Papers [2], [3] and [4] introduced a novel multiplicative sensor watermarking approach to detecting Man-In-The-Middle (MITM) attacks. Their advantage is especially relevant for fields protocols used in automation systems, as in such systems encryption is not currently used due to cost, latency and retro-compatibility issues.
Paper [5] presented a simple, yet effective approach to detecting (MITM) attacks in communication networks serving cooperative self driving attacks. Currently, existing protocols for Vehicle to Vehicle (V2V) communication consider extensive use of encryption as a way to protecting confidentiality and integrity of V2V networks. Anyway, they cannot address the case of malicious vehicles deliberately disseminating false information, which in the case of a platoon may lead to a crash. Our result does use vehicle sensors and a mathematical model of the platooning control algorithm, as well as the vehicle dynamics, to allow detection of crafted communication.
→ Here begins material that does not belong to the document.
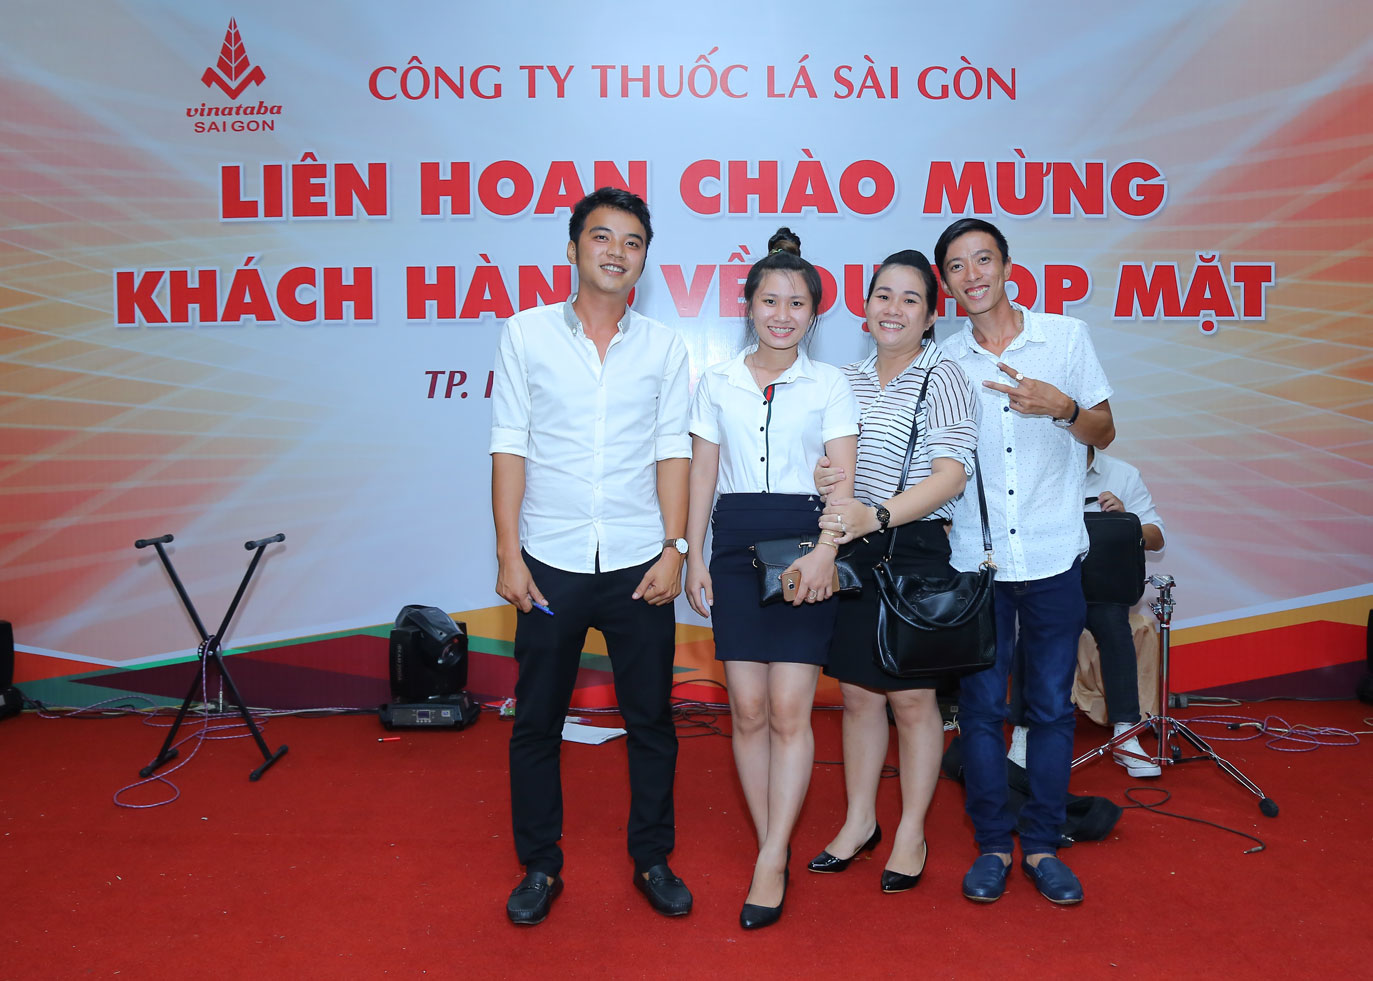 Họp mặt khách hàng tỉnh Tây Ninh ngày 20/07/2017
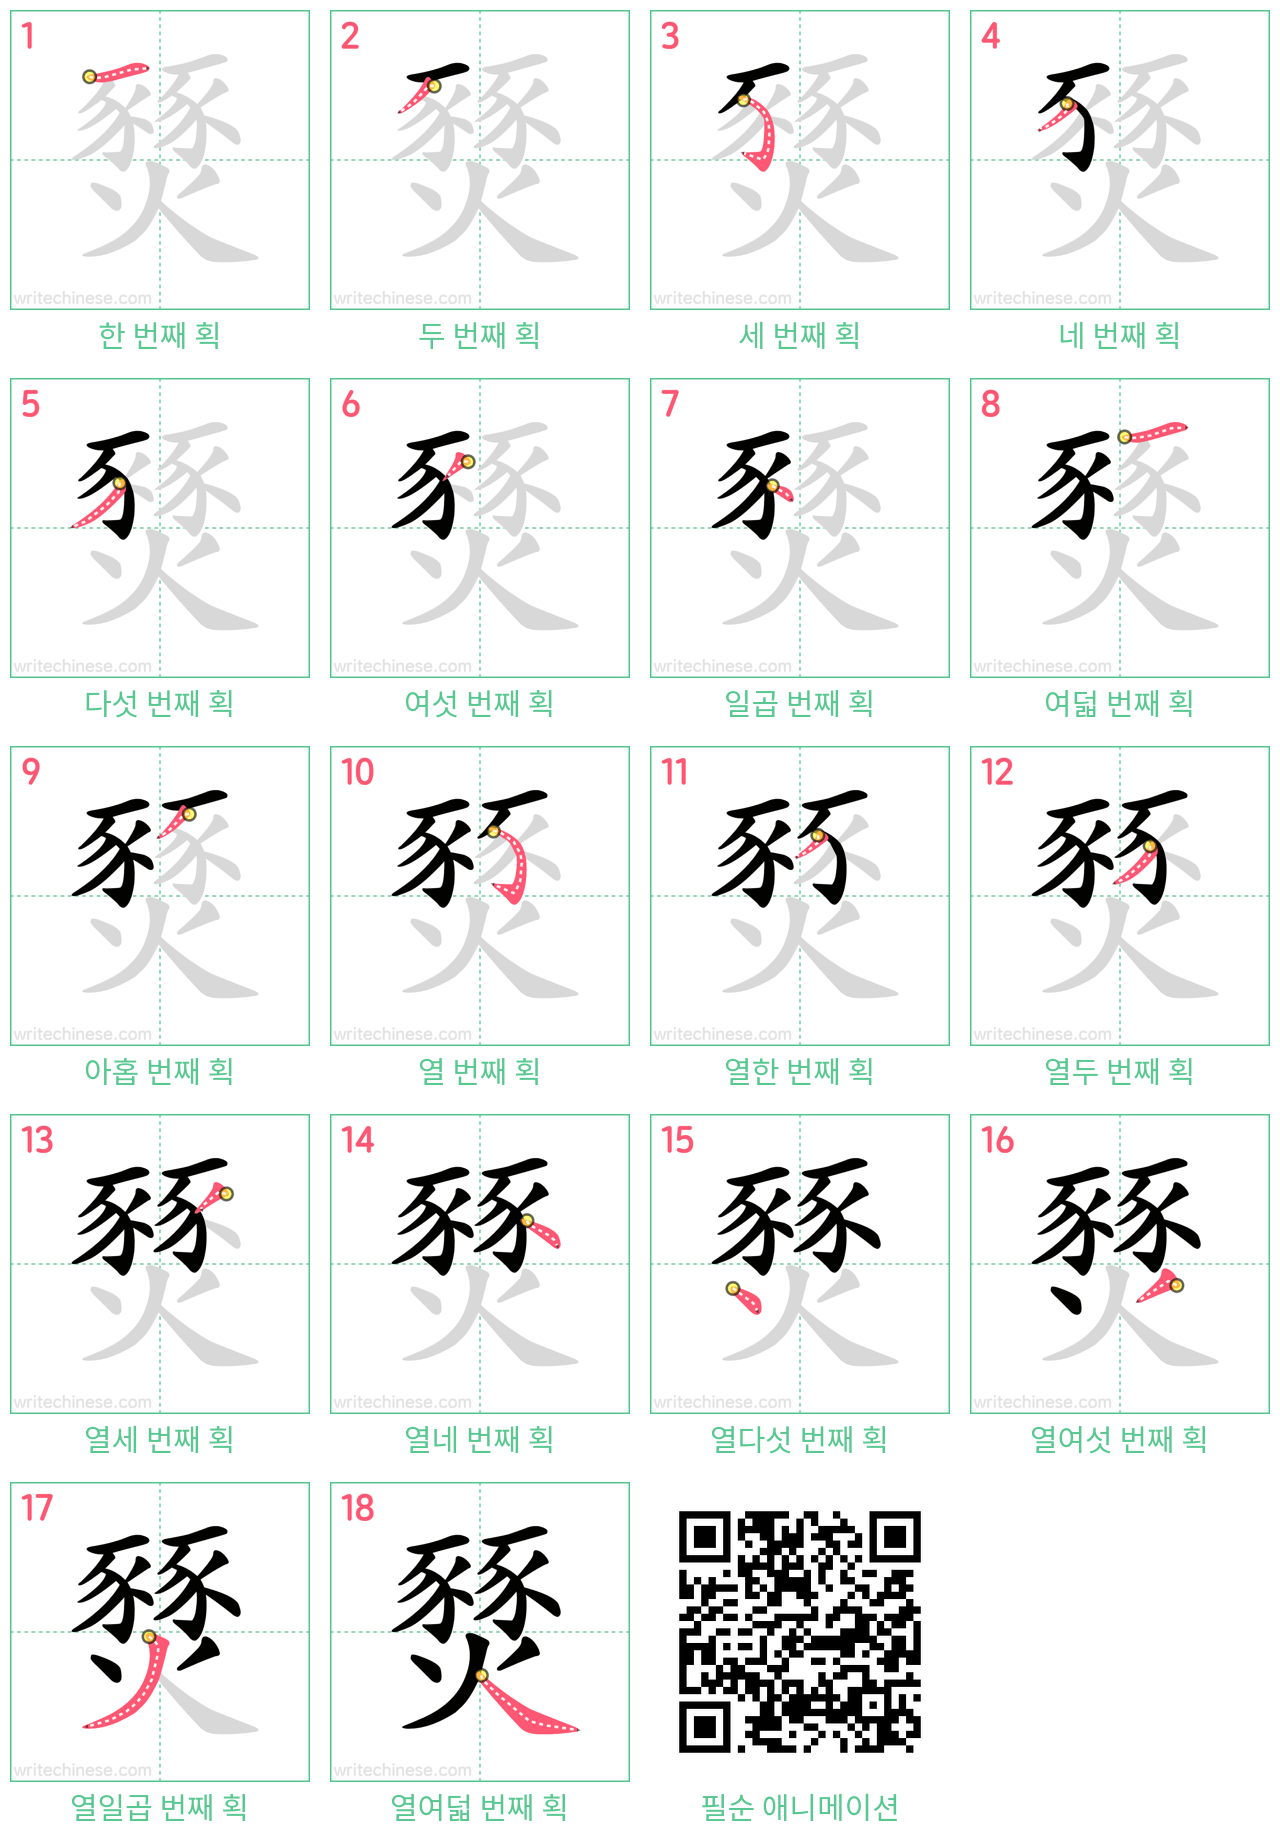 燹 step-by-step stroke order diagrams

Paper [6], as mentioned, is the first available result on privacy-enabled fault diagnosis, and has a high potential to make distributed fault diagnosis possible between possibly adversary parties, that is entities that do not trust each other.
Current results have been proven in theory and in simulation, and limitedly in a laboratory environment using small scale RC autonomous cars. Anyway, talks are being made with key industrial players in the field of Cooperative Intelligent Transportation Systems (C-ITS), in order to implement and test such algorithms on real autonomous cars or intelligent road infrastructures. This has a huge potential, as several projects on C-ITS are under way in Europe, and roll-out to the general public of C-ITS services is foreseen in the next future. Furthermore, if such tests are successful this could lead to regulatory bodies mandating the introduction of such security features in all future C-ITS applications and systems. This could have a direct influence on the security of critical European infrastructures int he next decades, which could serve millions of citizens.